我们还是通过blockStore的readBlock()和writeBlock()方法来了解blockStore的工作机制。我们先来看看readBlokc():
//btcd/database/ffldb/blockio.go
// readBlock reads the specified block record and returns the serialized block.
// It ensures the integrity of the block data by checking that the serialized
// network matches the current network associated with the block store and
// comparing the calculated checksum against the one stored in the flat file.

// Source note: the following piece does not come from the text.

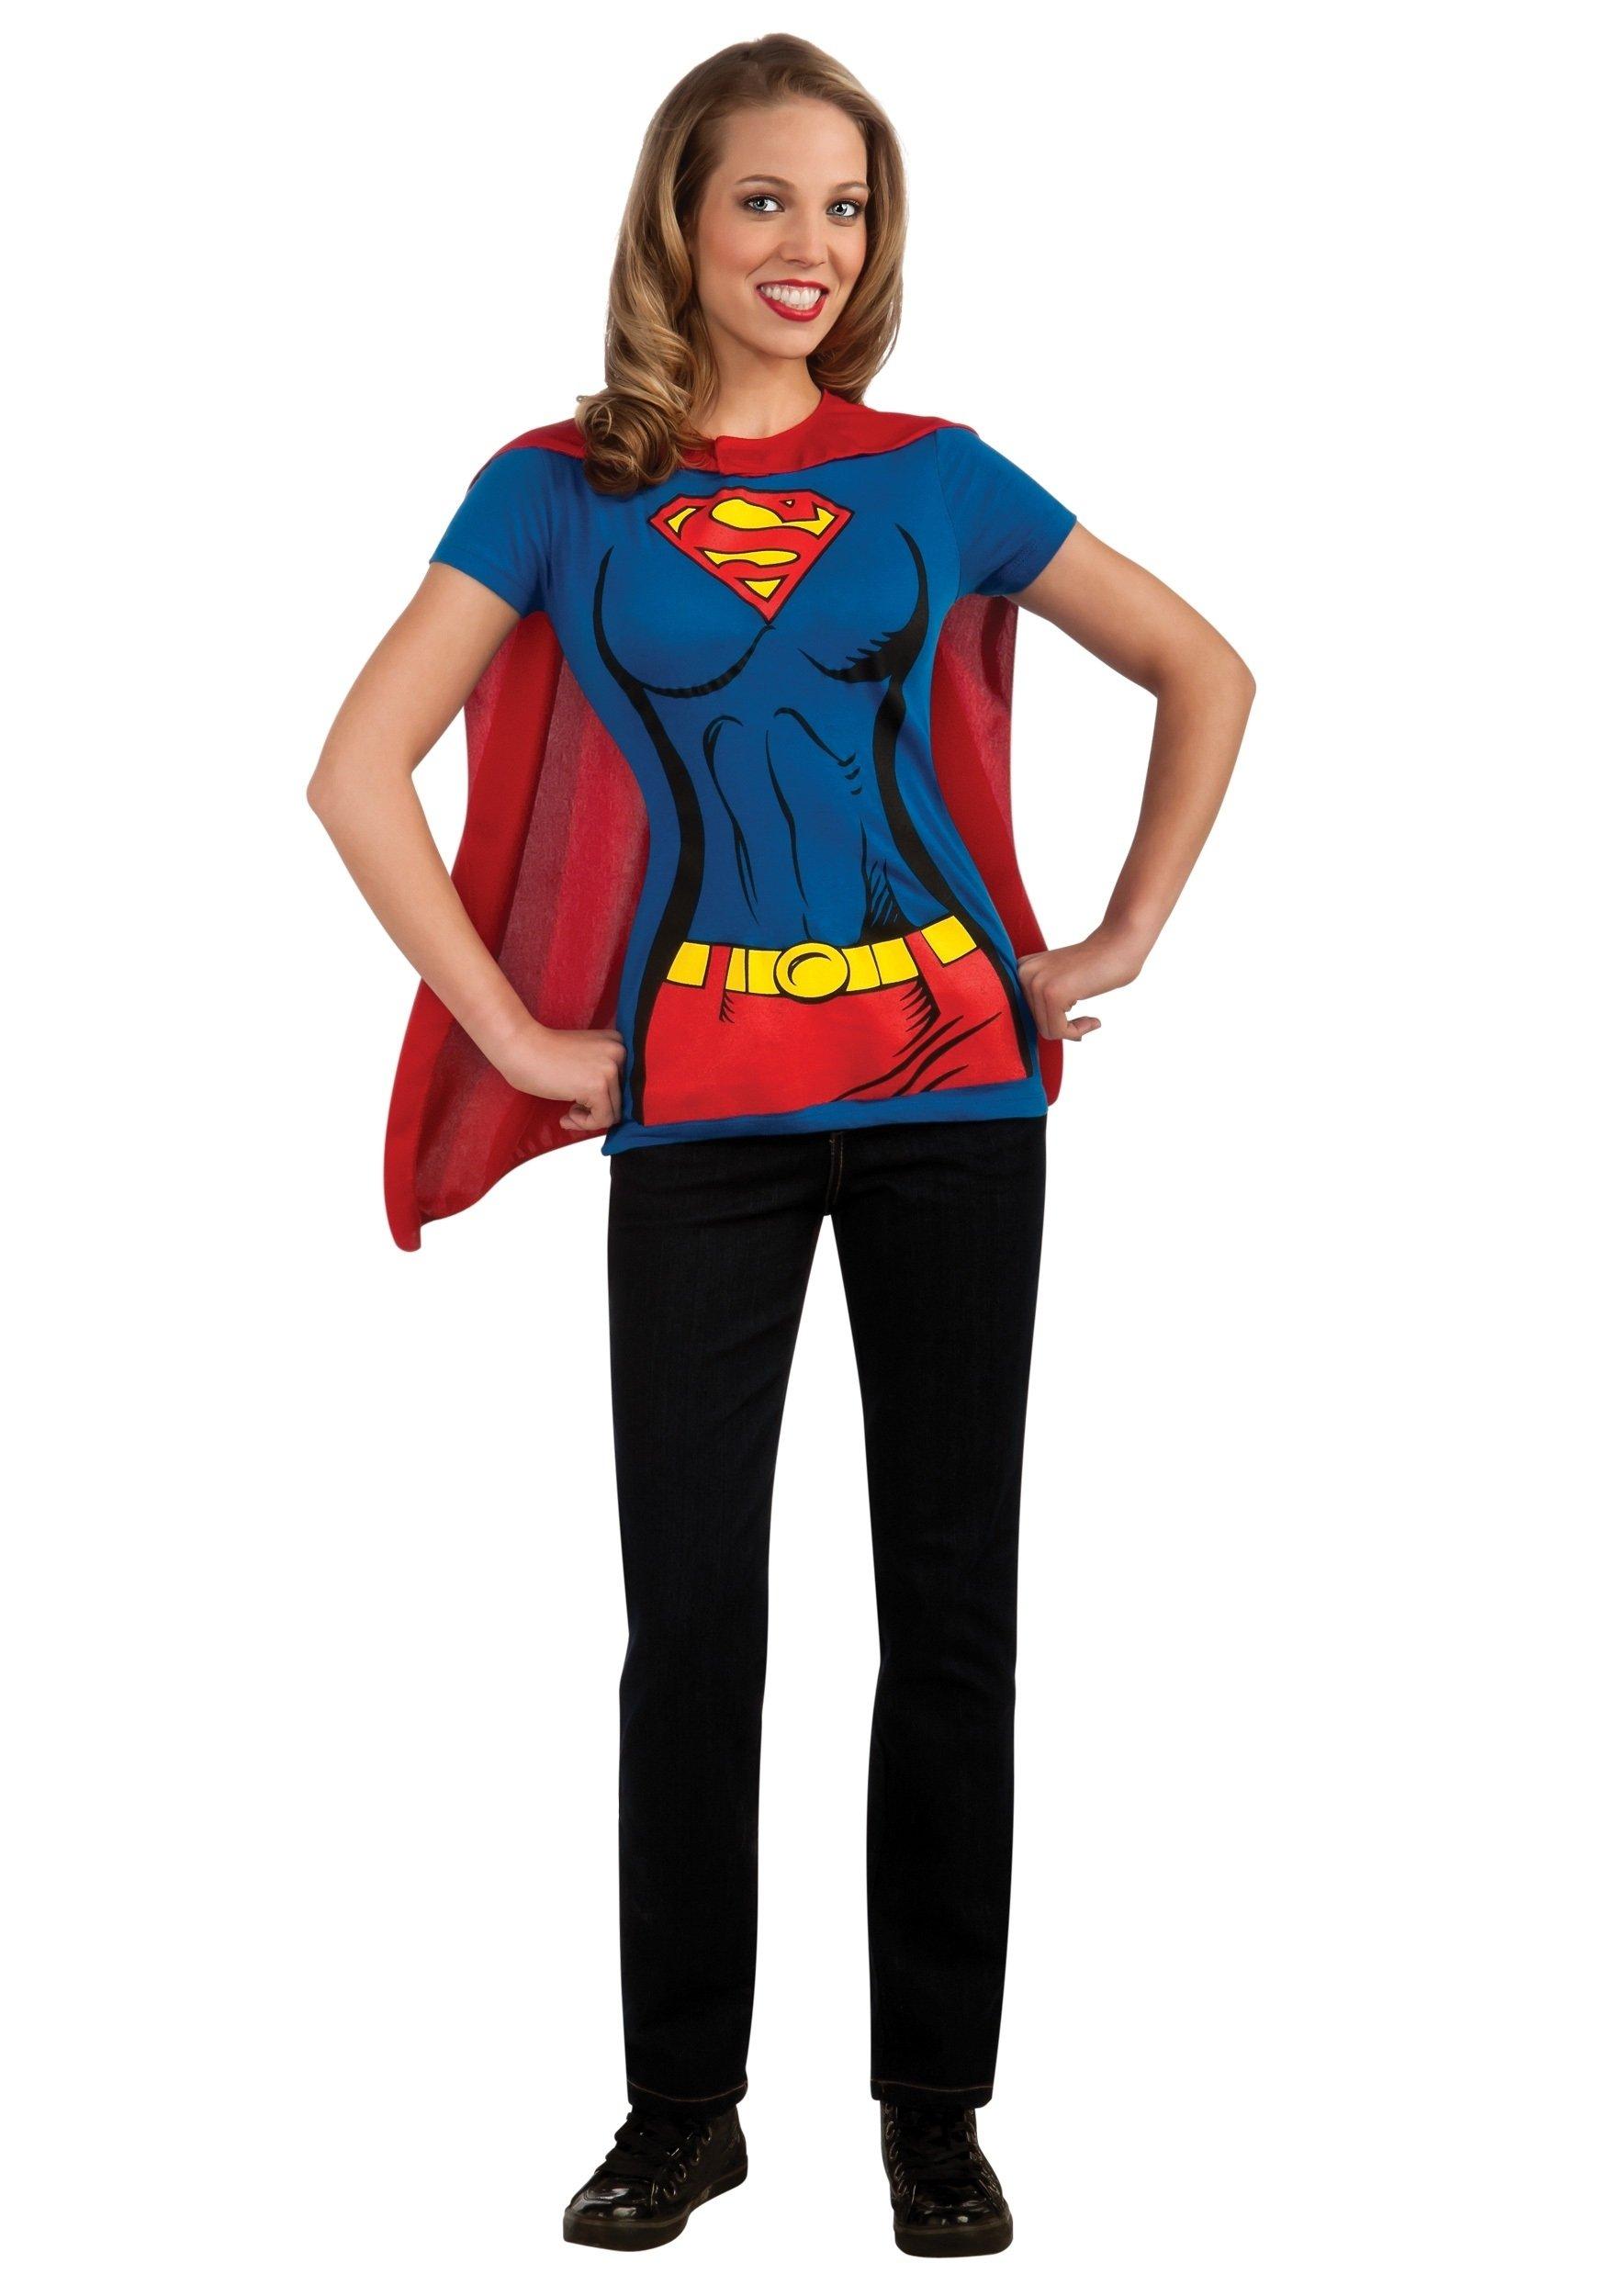 10 Fashionable Made Up Superhero Costume Ideas supergirl t shirt costume easy superhero costume ideas 1 2020

// This function also automatically handles all file management such as opening
// and closing files as necessary to stay within the maximum allowed open files
// limit.
//
// Returns ErrDriverSpecific if the data fails to read for any reason and
// ErrCorruption if the checksum of the read data doesn't match the checksum
// read from the file.
//
// Format:
func (s *blockStore) readBlock(hash *chainhash.Hash, loc blockLocation) ([]byte, error) {
// Get the referenced block file handle opening the file as needed. The
// function also handles closing files as needed to avoid going over the
// max allowed open files.
blockFile, err := s.blockFile(loc.blockFileNum)
if err != nil {
return nil, err
}
serializedData := make([]byte, loc.blockLen)

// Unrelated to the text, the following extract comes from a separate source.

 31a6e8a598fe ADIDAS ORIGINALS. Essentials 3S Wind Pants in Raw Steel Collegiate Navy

n, err := blockFile.file.ReadAt(serializedData, int64(loc.fileOffset))
blockFile.RUnlock()
if err != nil {
str := fmt.Sprintf("failed to read block %s from file %d, "+
"offset %d: %v", hash, loc.blockFileNum, loc.fileOffset,
err)
return nil, makeDbErr(database.ErrDriverSpecific, str, err)
}
// Calculate the checksum of the read data and ensure it matches the
// serialized checksum. This will detect any data corruption in the
// flat file without having to do much more expensive merkle root
// calculations on the loaded block.
serializedChecksum := binary.BigEndian.Uint32(serializedData[n-4:])
calculatedChecksum := crc32.Checksum(serializedData[:n-4], castagnoli)
if serializedChecksum != calculatedChecksum {
str := fmt.Sprintf("block data for block %s checksum "+
"does not match - got %x, want %x", hash,
calculatedChecksum, serializedChecksum)
return nil, makeDbErr(database.ErrCorruption, str, nil)
}
// The network associated with the block must match the current active
// network, otherwise somebody probably put the block files for the
// wrong network in the directory.
serializedNet := byteOrder.Uint32(serializedData[:4])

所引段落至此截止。